Professional Background

Prior to joining K&L Gates, Mr. Shallow worked as an attorney for international law firms on both the east and west coast of the US.

Experience includes having represented:
  • Investors in the creation of a Cayman IP/engineering joint venture.
  • A BVI fashion company in its IPO and subsequent public equity offerings.
  • A software company in its sale of stock and equity in the U.S. and Canada.
  • A U.S. and UK cruise line company in its public equity offerings . 
  • A U.S. and Swiss tobacco company in its spinoff and subsequent public debt and equity offerings.

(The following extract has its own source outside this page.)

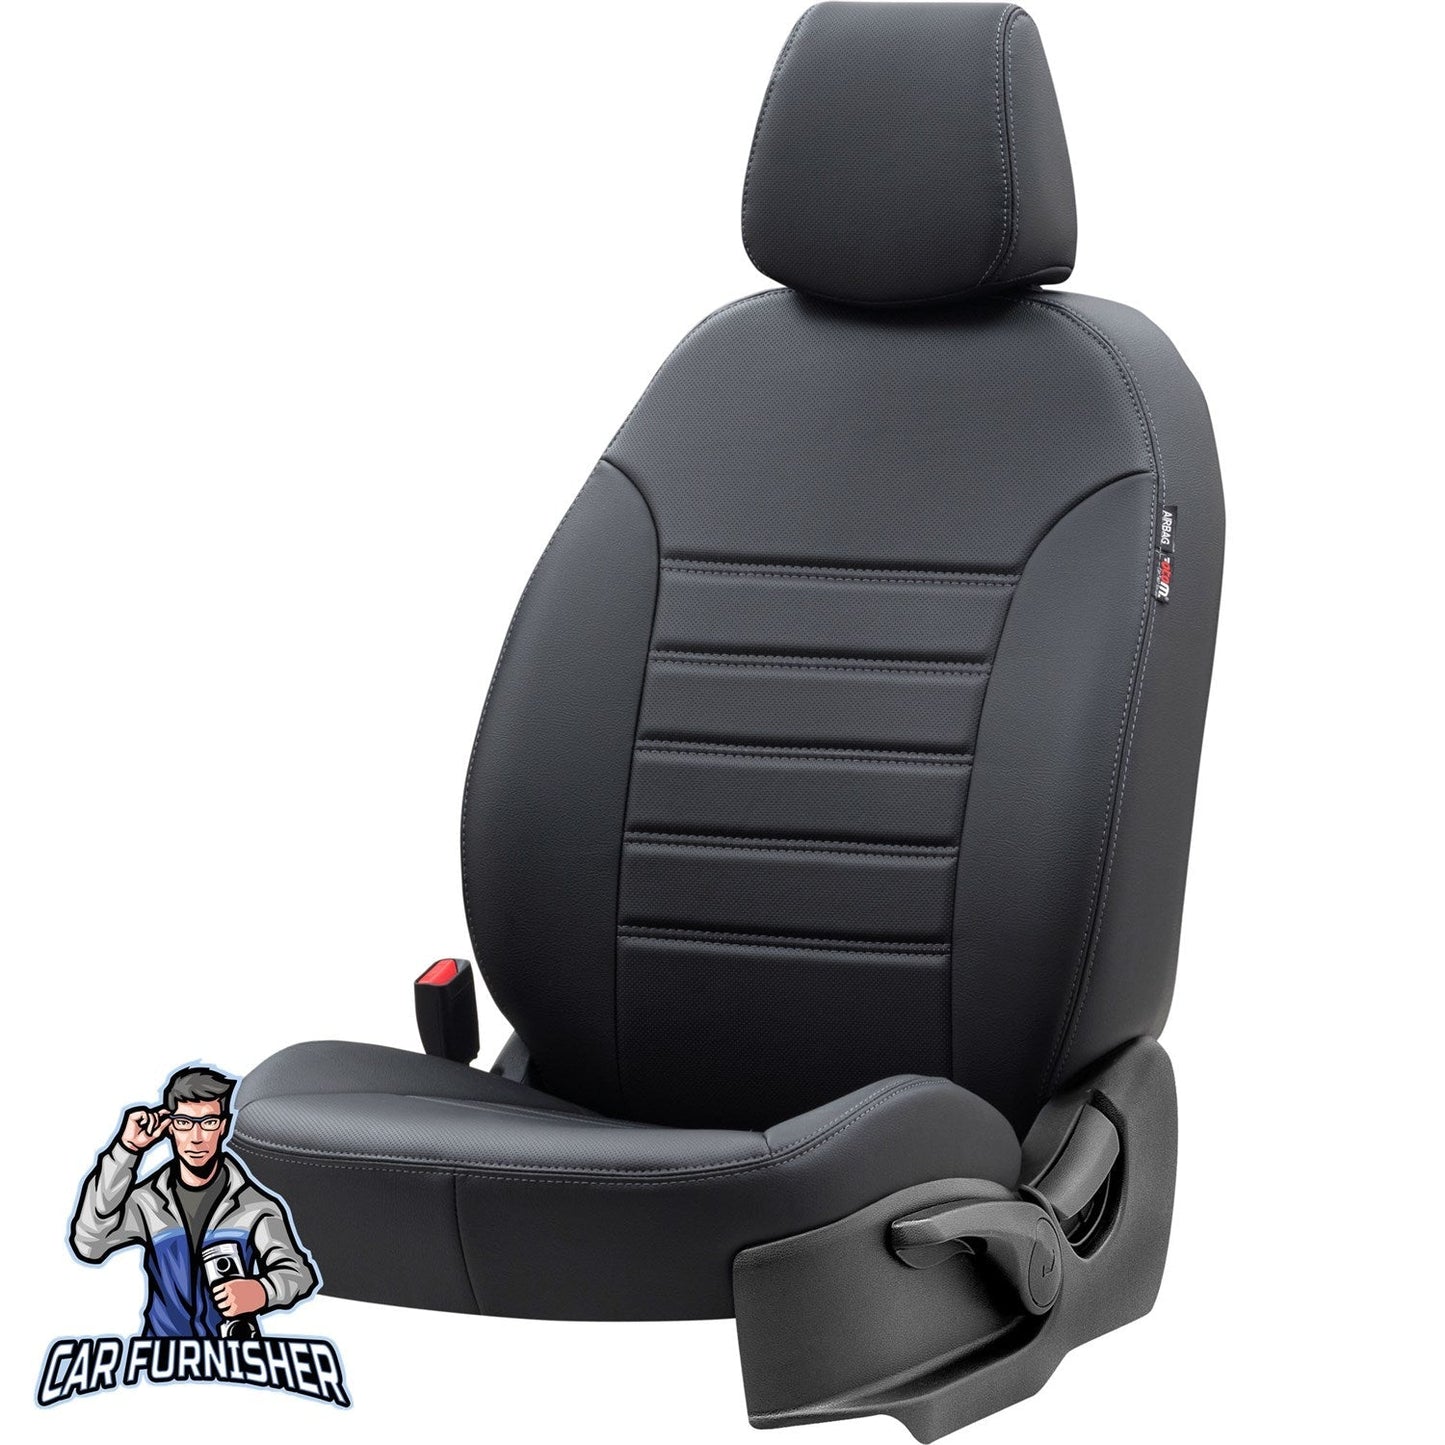 Isuzu N-Wide Seat Covers Istanbul Leather Design Black Leather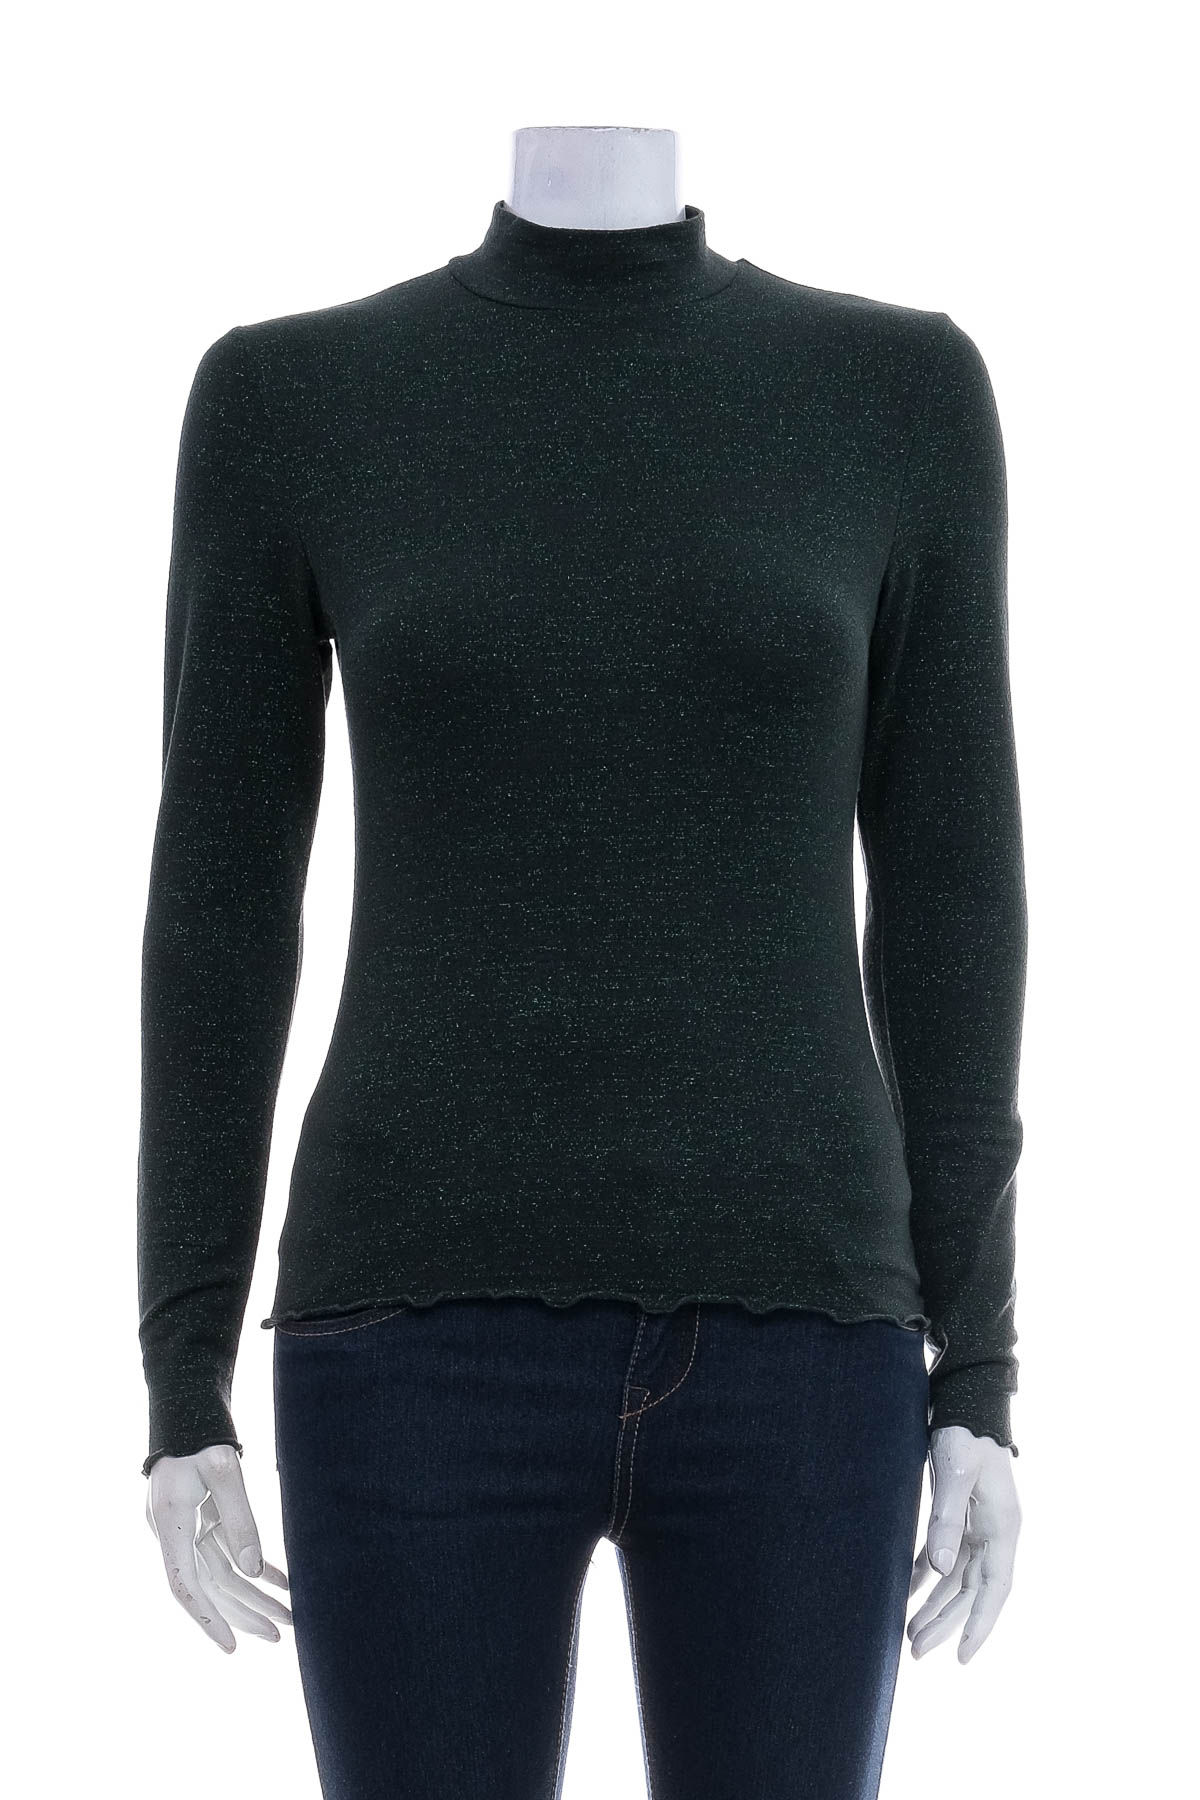 Women's sweater - PIGALLE - 0

  • A fund in its acquisitions of U.S. and Mexican gaming companies.
  • A Chinese company in its acquisition of a minority interest in a U.S. medical research company.
  • An Australian electronic payments company in its U.S. formation and restructuring.
  • An engineering services company in its sale to a private equity company.
  • A real estate company in its acquisition of the assets of a technology company.
  • A telecommunications company in its business combination with a separate telecommunications company.
  • A pharmaceutical company in its acquisition of the assets of a Chapter 11 entity.
  • An AI company in its acquisition of the assets of multiple technology companies.
  • A public biopharmaceutical company in its private stock, warrant, and debt offerings.
  • A food services company in its private debt offering and subsequent S-4 registration.
  • A media company in its securitization of radio bandwidth.
  • A state entity in its RMBS securitization.
  • Multiple technology companies in common, preferred and equity-equivalent offerings.
  • Investors in multiple common, preferred and equity-equivalent investments.
  • Multiple dual-listed Canadian public mining companies in their public and private equity offerings.